Mundo ficciónIniciar sesiónPunto de vista de Amelia
Leila estaba escondiendo algo. No actuó demasiado diferente hoy, solo había una luz específica en sus ojos. Como si estuviera esperando algo con ansias.
¿Acaso ella y Damien se reconciliaron?... no, eso era poco probable. Ella no era del tipo que perdona fácilmente. ¿Quizás un nuevo compañero para la ceremonia de cría?
Negué con la cabeza. Eso tampoco era. Leila no era del tipo que decide quedar embarazada sin ninguna preparación. No debería preocuparme por eso, pero su nuevo comportamiento me ha tenido inquieta, sumado al hecho de que ha estado pasando tiempo con el Alfa Xander.
Maldita zorra… sé que no está acostándose con él, no vuelve a casa con su olor, eso era un alivio.
Entré a su habitación. Estaba molestamente ordenada.
“¿Qué estás escondiendo?” murmuré, registrando descuidadamente su armario. No me molesté en colocar las cosas que tiraba de vuelta en su lugar. Ella sabría que estuve aquí, pero no hay nada que pueda hacer al respecto.
“¿Qué estás haciendo?” preguntó mamá desde la puerta.
“Buscando lo que sea que Leila está escondiendo.”
“¿Escondiendo?”
Pausé mi búsqueda debajo de la cama de Leila y me levanté.
“¿No viste que Leila se veía diferente esta mañana?”
“Amelia, la temporada de cría empieza hoy. Todas las omegas se ven diferentes hoy.” No parecía ni sonaba impresionada.
“No, no. No eso… parecía como si estuviera esperando algo… como si esperara que algo pasara…”
“Sabes que esta es la primera temporada de cría a la que asistirá.”
En la temporada pasada, yo la había empujado “accidentalmente” por las escaleras y se torció el tobillo.
“Lo sé… pero tengo la sensación de que tampoco es eso, madre.”
Mamá me miró fijamente; pude ver que finalmente empezaba a tomarme en serio.
“Está bien, dime qué tienes en mente.”
Sonreí, nadie me apoyaba más que mi mamá.
“Leila ha estado pasando la mayor parte de su tiempo libre con el Alfa, si está cerca. Y si no, está en la casa del general Regan.”
“Ella trabaja allí.”
Mamá no era de sacar conclusiones sin pruebas reales… excepto cuando le convenía.
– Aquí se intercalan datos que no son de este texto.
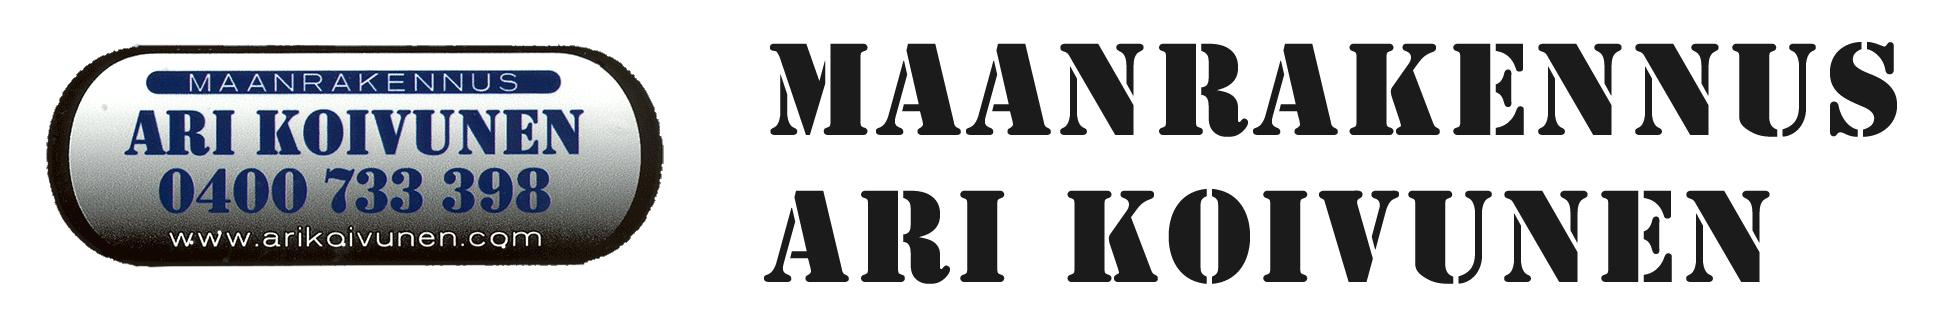 Maanrakennus Ari Koivunen

“Tienes razón, pero si estaba esperando la ceremonia, ¿no debería estar en casa ya? Hablé con una amiga que fue con el sanador hoy; ella dijo que por la mañana estaba lleno, pero para la tarde la multitud había disminuido.”
Mamá tenía un gesto pensativo.
“No empacó ninguna bolsa y no ha llevado ninguna esta semana. No tiene nada para ponerse excepto la ropa vieja del sanador en la casa del general, así que ¿por qué no ha regresado?”
“Podría estar en camino.”
“Sí, pero…”
Hubo un golpe en la puerta. Definitivamente no era Leila.
“Iré a ver quién es” dijo mamá levantándose. “Ve y prepárate para la noche.”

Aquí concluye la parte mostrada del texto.